If you have a particular religious belief and you would like your child to follow that belief it is simply not reasonable to expect them to do so simply because they go to Sunday School once a week. Those kids must be hearing about that belief which you hold so dear on a daily basis. They better be hearing your prayers and be seeing them work in your life. They had better be reading those beliefs on the walls of your home and they must be hearing discussions of that belief at the dinner table! (Note: It is hard to use repetition as a tool of instruction if you don't spend lots of time with your kids! Dinner table discussions are impossible if a family doesn't eat together or if the TV is on!)
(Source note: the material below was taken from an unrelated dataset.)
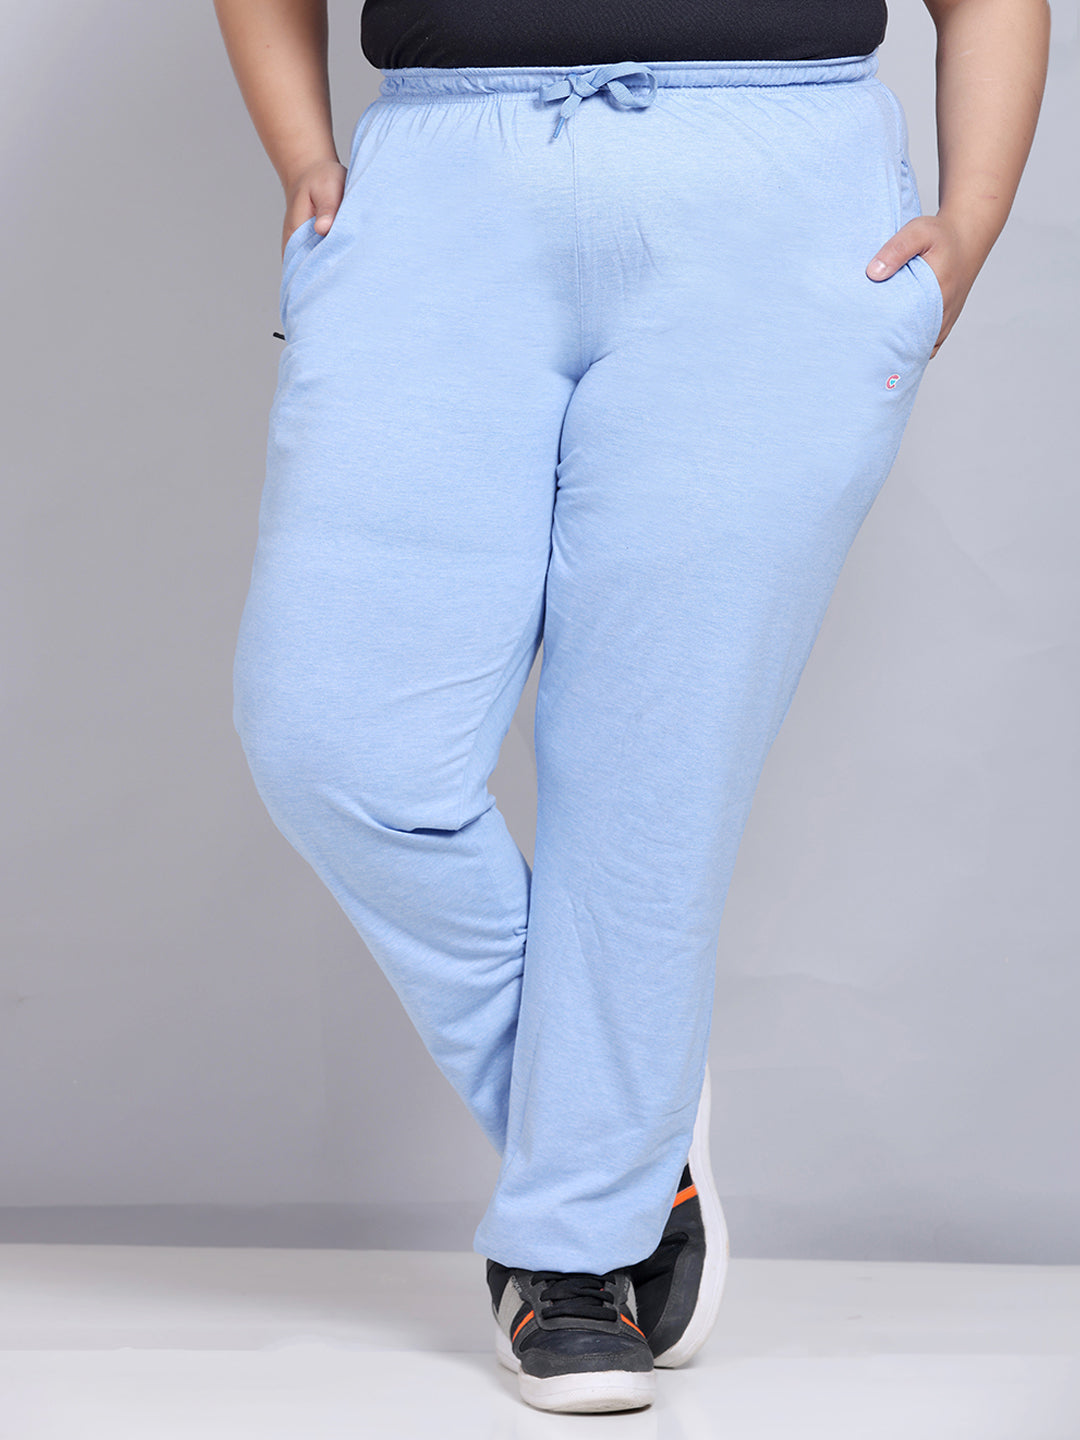 Stylish Cotton Track Pants For Women (Pack of 3) Online In India

Now, this next step in the use of repetition must be paid considerable attention. When a parent says, "If I've told Johnny once, I've told him a thousand times," we can show you the slow learner… and it is not Little Johnny! Doesn't it stand to reason that if a parent has said something a thousand times and the child is still not doing what the parent said, that those words aren't working? When we apply this "rule of repetition" with kids we must remain always on the lookout for new ways to say the same thing. 

If we have said something three times and they do not seem to be using it then we must not give up, or become frustrated or angry, and we must never say, "I've tried everything." At this point we must simply become creative and figure out another way to say the same thing. (And always remember that often the worst way to "say" something to a child is with words. Demonstrate it, role play it, do it yourself, point out the lesson you are teaching as others use it to make their life easier or more fun, but keep repeating it!)

One thought bears consideration in closing this discussion on repetition. We do not mean that parents should become nags. When we say repetition should be applied we are speaking about the big lessons in life, which are taught over time. We do believe that simple requests for help around the house or for simple compliance with parental commands it is possible to expect action from kids following the first statement. In order to get that kind of response it is necessary to insure that the child knows what you said. One great way to find out if they have actually heard you is to ask them to repeat your request back to you by saying, "What do I need?" or "What did I ask you to do?" Then practice these three important steps to insure compliance: 

1. Say what you mean. 
2. Mean what you say. 
3. Do what you say you are going to do. 

Make all requests for action in a pleasant tone of voice. Precede requests for action with "please," and end them with "thank you." Keep request for action to a bare minimum, but do not ever make a request for a child's action if you are not willing to take the time to insure that it is done exactly as requested and at the time requested. This will establish very clearly for your children that you: say what you mean, mean what you say, and do what you say you are going to do!

Repeat the important lessons in life in as many ways as you can creatively devise and they might just become the ideas that rule the world of your children!